Threat actors are trying to capitalize on the ongoing Kaseya ransomware attack crisis by targeting potential victims in a spam campaign promoting Cobalt Strike payloads disguised as Kaseya VSA security updates.
Cobalt strike is a legitimate penetration test tool and threat emulation software, which is also used by attackers for post-exploitation tasks and to use so-called beacons, which allow them to remotely access compromised systems.
The end goal of such attacks is either to collect and extract sensitive data or to deliver second tier malware payloads.
“Interestingly, 66 percent of all ransomware attacks this quarter involved the Cobalt Strike Red Teaming framework said in a quarterly report from September.
Spam emails bundle malicious attachments and links
The Malspam campaign discovered by Malwarebytes Threat Intelligence researchers uses two different tactics to deploy the Cobalt Strike payloads.
Malicious emails sent as part of this malspam campaign come with a malicious attachment and an embedded link that looks like a Microsoft patch for the Kaseya VSA zero-day that was exploited in the REvil ransomware attack.
“A malspam campaign uses the Kaseya VSA ransomware attack to drop CobaltStrike,” says the Malwarebytes Threat Intelligence team said.

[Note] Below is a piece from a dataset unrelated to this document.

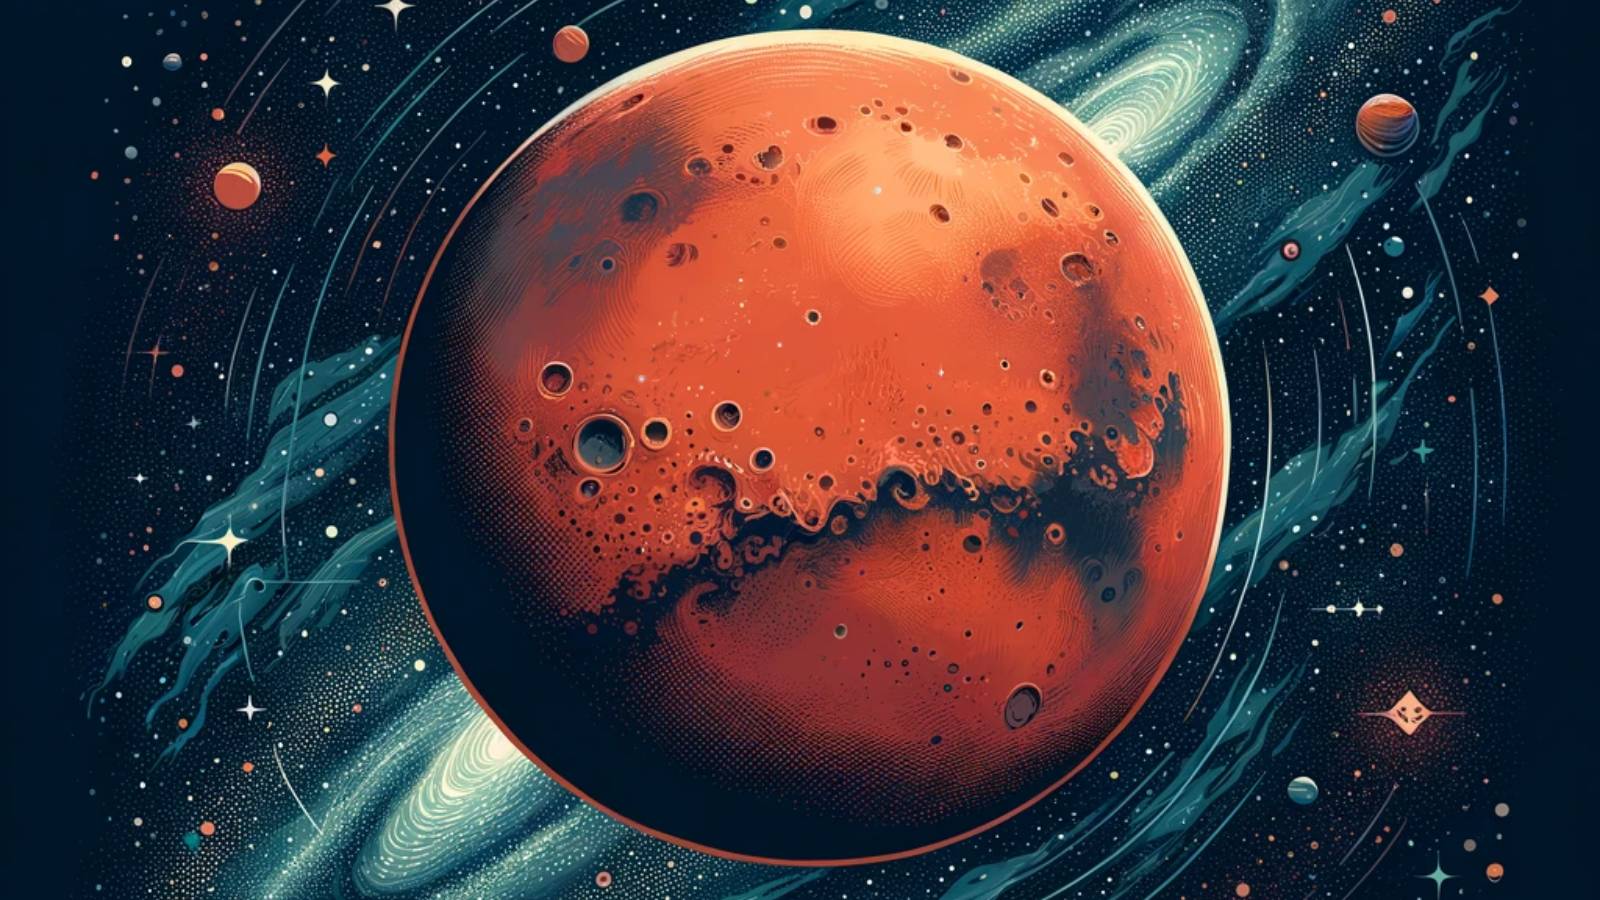 Planeet Mars-missie brengt GEWELDIGE ontdekking voor de mensheid

“It has an attachment called ‘SecurityUpdates.exe’ and a link pretending to be a security update from Microsoft to fix the Kaseya vulnerability!”
The attackers get permanent remote access to the target systems as soon as they execute the malicious attachment or download the fake Microsoft update and start it on their devices.
Colonial pipeline attack is also used in Cobalt Strike phishing
Last month, Threat actors also used fake system updates claims to detect and block ransomware infections after the Colonial Pipeline attack.
Just like this month’s malspam campaign, the June phishing campaign drove malicious payloads designed to use the Cobalt Strike penetration testing tool, which would have allowed attackers to compromise recipients’ systems.
As INKY researchers who discovered the attacks said, the phishing emails included a deadline for installing the fake updates to create a sense of urgency.
The payload download pages have also been adapted with the target company’s graphics to make them appear trustworthy.
These two campaigns underscore that threat actors in the phishing business are keeping up with the latest news in order to disseminate bait relevant to the latest events in order to increase the success rates of their campaigns.
The widespread REvil ransomware attack The Visit the Kaseya MSP software provider and around 60 of 35,000 of their direct customers and 1,500 of 1,000,000 downstream companies form a perfect attraction.
Because Kaseya says it does Failed to deploy a fix for REvil exploited VSA zero day, many of his customers could fall for this phishing campaign’s tricks to protect their networks from attack.